United States Digital Service

Agency overview
- Formed: August 11, 2014
- Headquarters: 736 Jackson Place, Washington, D.C., United States; 38°53′59″N 77°02′17″W﻿ / ﻿38.899614°N 77.038026°W;
- Agency executive: USDS Administrator;
- Parent department: Executive Office of the President of the United States, Office of Management and Budget
- Website: www.usds.gov

= United States Digital Service =

United States government agency

The United States Digital Service (USDS) is a technology unit housed within the Executive Office of the President of the United States and established by congressional appropriations. The agency is known for modernizing federal government services. The agency was established by the Obama administration on August 11, 2014, in response to issues regarding the HealthCare.gov website.

On January 20, 2025, the agency was reorganized by the second Trump administration to align with the Department of Government Efficiency (DOGE). Part of this included renaming the agency to the "U.S. DOGE Service" to advance the administration's goals for modernizing federal technology.

USDS should not be confused with DOGE, which is a separate temporary organization that expired on July 4, 2026. In November 2025, the U.S. Office of Personnel Management stated that DOGE "didn't exist" with eight months left on its charter.
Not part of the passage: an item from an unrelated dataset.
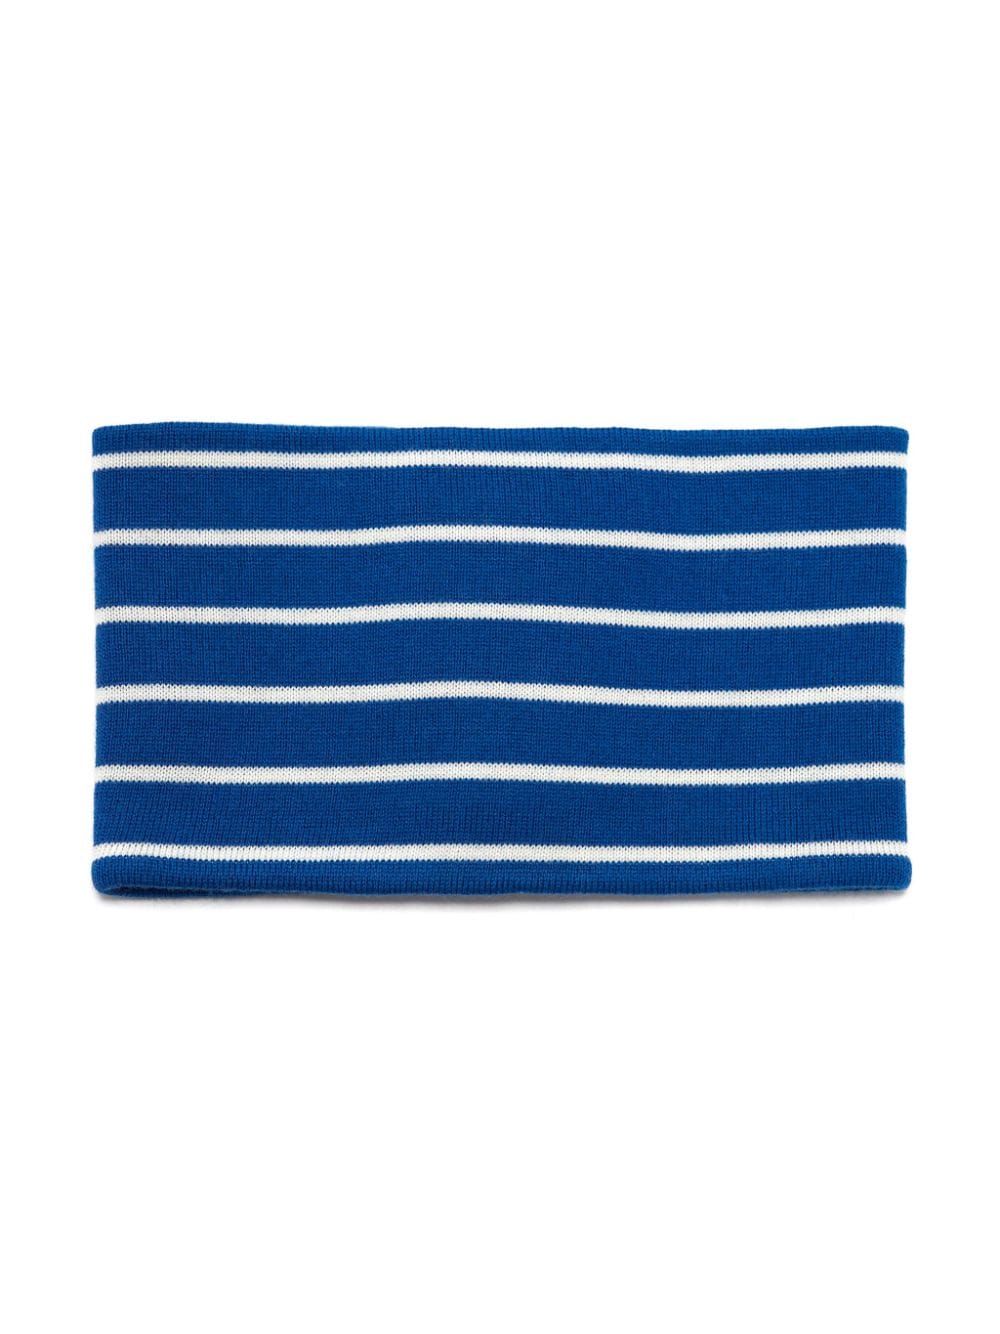 JW Anderson logo-jacquard striped neckband - Blauw

These comments are referring to DOGE no longer being a centralized agency, but rather institutionalized.

== History ==
The USDS was launched on August 11, 2014, by then-president Barack Obama, inside the Office of Management and Budget within the Executive Office of the President. It provides consultation services to federal agencies on information technology. The agency's 2014 mandate was to improve and simplify digital service, and to improve federal websites. The mission of the agency is to "deliver better government services to the American people through technology and design."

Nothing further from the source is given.